Poll: 6 in 10 US adults doubt both Biden and Trump’s mental prowess

President seen as most at risk, as independents more likely to be wary of his capabilities than GOP challenger’s, Dems more concerned for their candidate than are Republicans

This combination photo shows US President Joe Biden (left) leaving the White House in Washington, DC, on March 1, 2024. (SAUL LOEB / AFP); and former US president Donald Trump at his Mar-a-Lago estate, Palm Beach, Florida, March 4, 2024. (AP Photo/Rebecca Blackwell)
This combination photo shows US President Joe Biden (left) leaving the White House in Washington, DC, on March 1, 2024. (SAUL LOEB / AFP); and former US president Donald Trump at his Mar-a-Lago estate, Palm Beach, Florida, March 4, 2024. (AP Photo/Rebecca Blackwell)

WASHINGTON (AP) — A poll finds that a significant share of US adults doubts the mental capabilities of 81-year-old President Joe Biden and 77-year-old Donald Trump, the former president and current Republican frontrunner in what could be a rematch of the 2020 election.

More than 6 in 10 (63 percent) say they are “not very” or “not at all” confident in Biden’s mental capability to serve effectively as president, turning his coming State of the Union address into something of a real-time audition for a second term. A similar but slightly smaller share (57%) say that Trump lacks the memory and acuity for the job.

The findings from a new survey by The Associated Press-NORC Center for Public Affairs Research point to a tough presidential election in which issues such as age and mental competence could be more prevalent than in any other political contest in modern times.

People’s views of Biden’s memory and acuity have soured since January 2022, when about half of those polled expressed similar concerns. (That survey did not ask a similar question about Trump.)

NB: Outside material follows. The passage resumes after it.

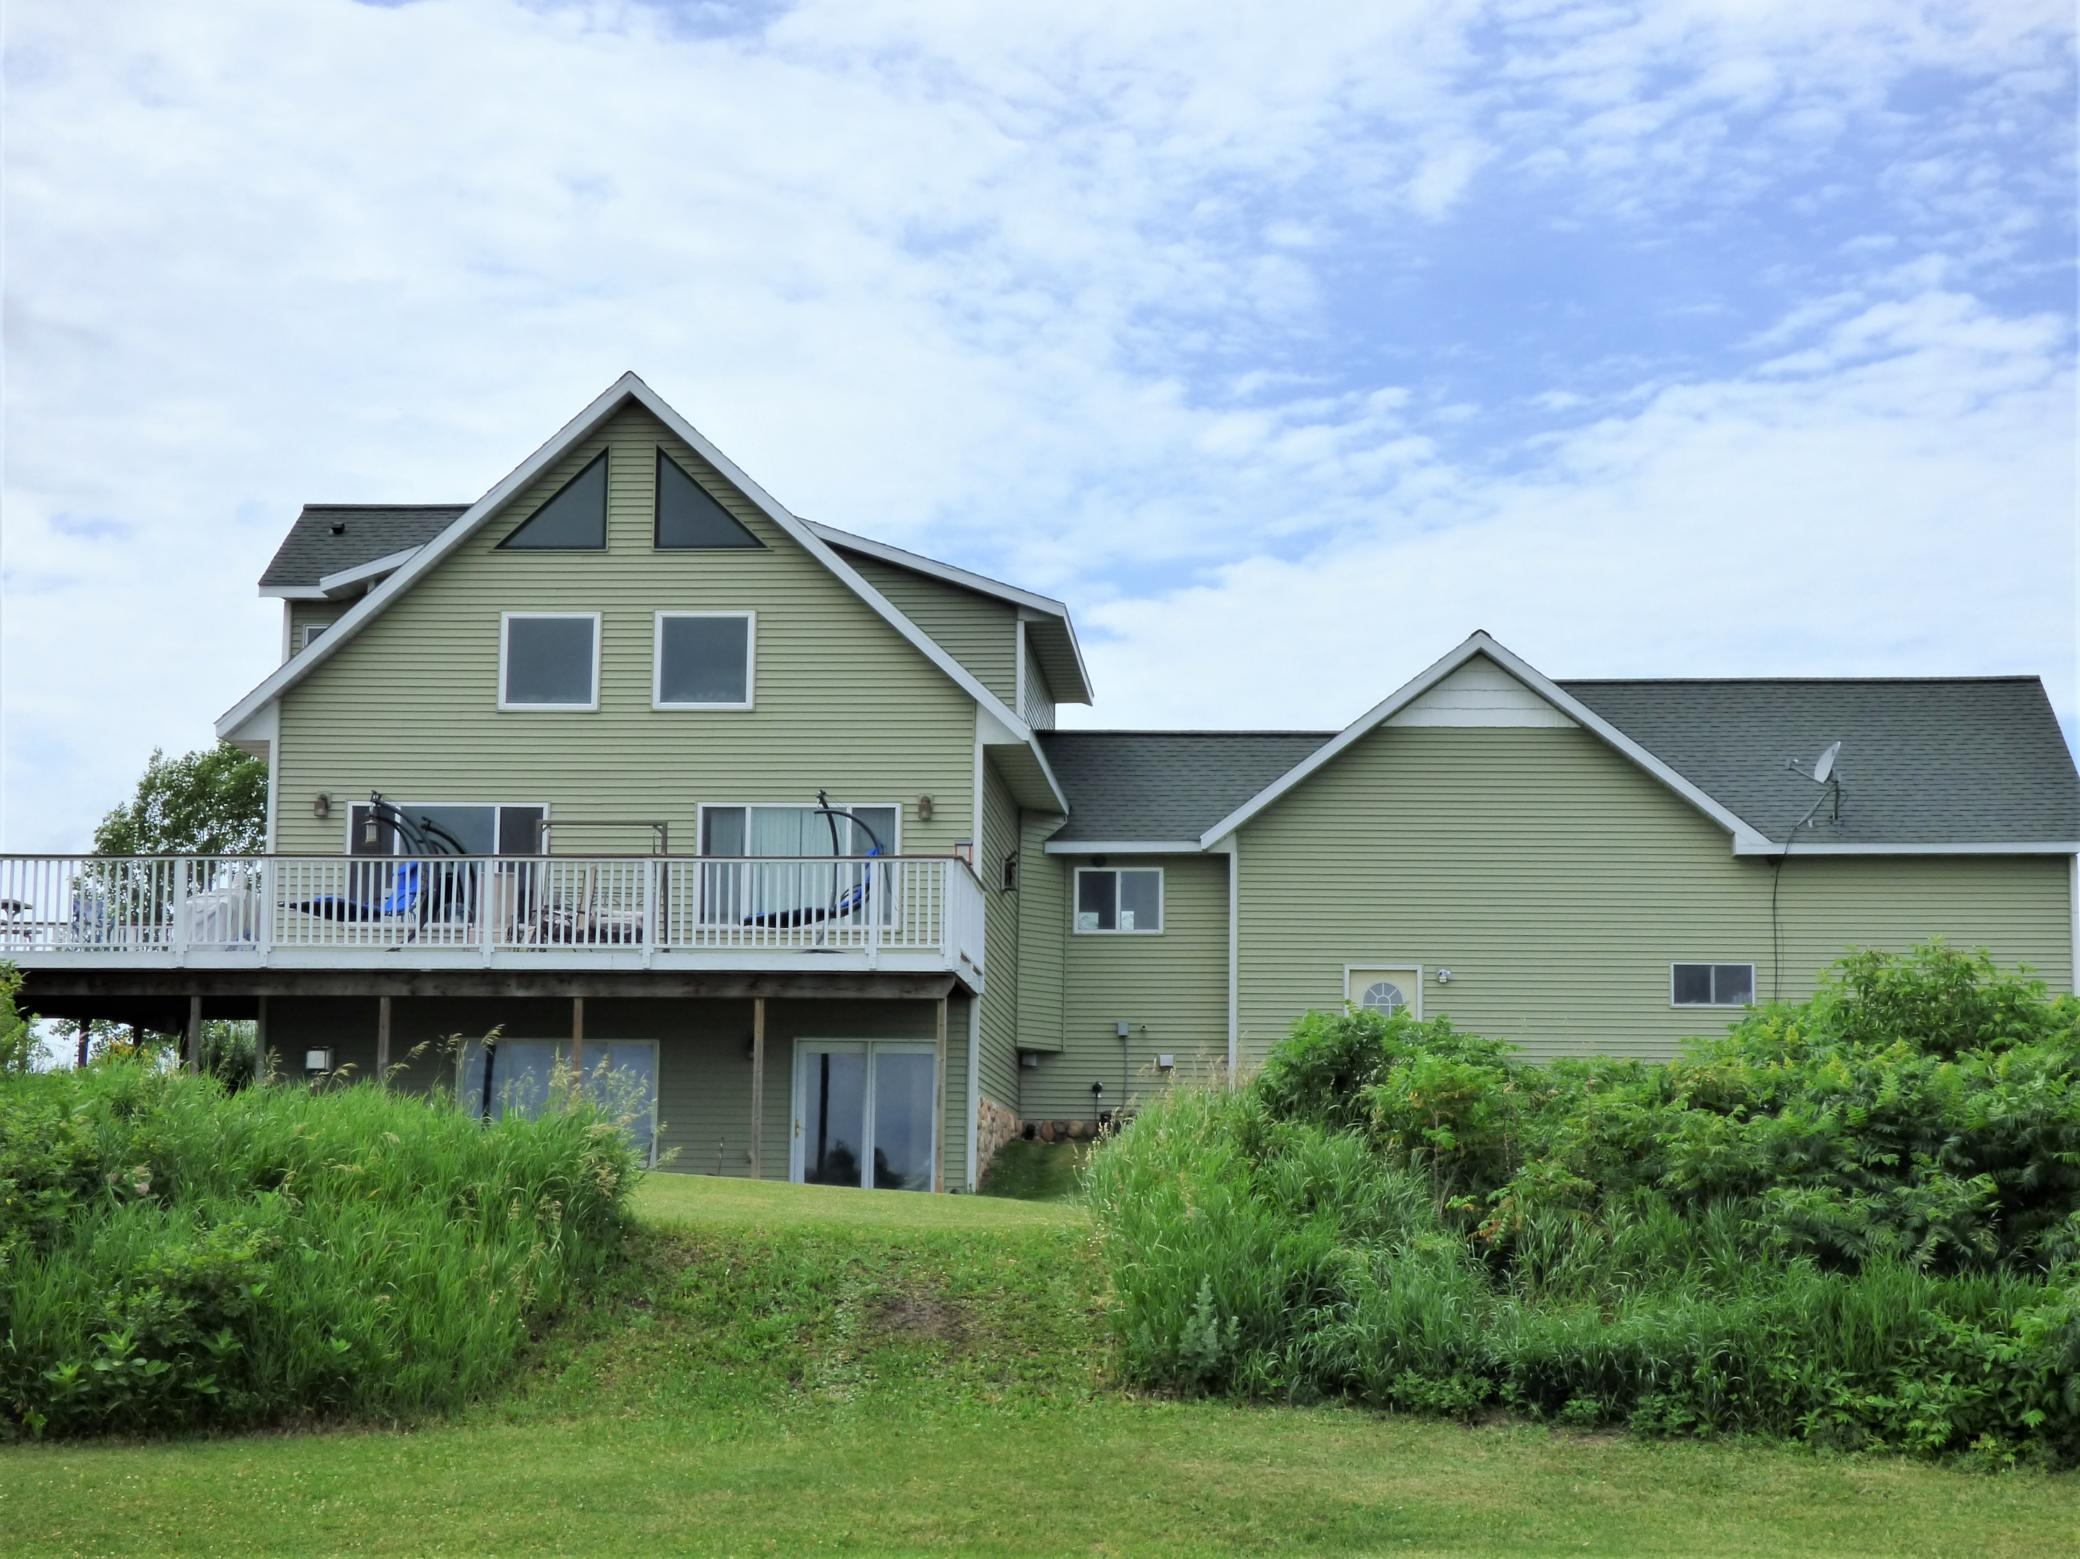 43750 E Big Mcdonald Drive Property Photo - Dent, MN real estate listing

In a major risk for Biden, independents are much more likely to say that they lack confidence in his mental abilities (80%) compared with Trump’s (56%). And Democrats are generally more concerned about Biden’s mental capabilities than Republicans are with Trump’s, raising the stakes of Biden’s upcoming speech to a joint session of Congress on Thursday.

Going into the big event, just 38% of US adults approve of how Biden is handling his job as president, while 61% disapprove. Democrats (74%) are much likelier than independents (20%) and Republicans (6%) to favor his performance. But there is broad discontent on the way Biden is handling a variety of issues, including the economy, immigration, and foreign policy.

US President Joe Biden delivers his 2023 State of the Union address during a joint meeting of Congress in the House Chamber of the US Capitol on February 7, 2023, in Washington, DC. (Drew Angerer / Getty Images via AFP/ File)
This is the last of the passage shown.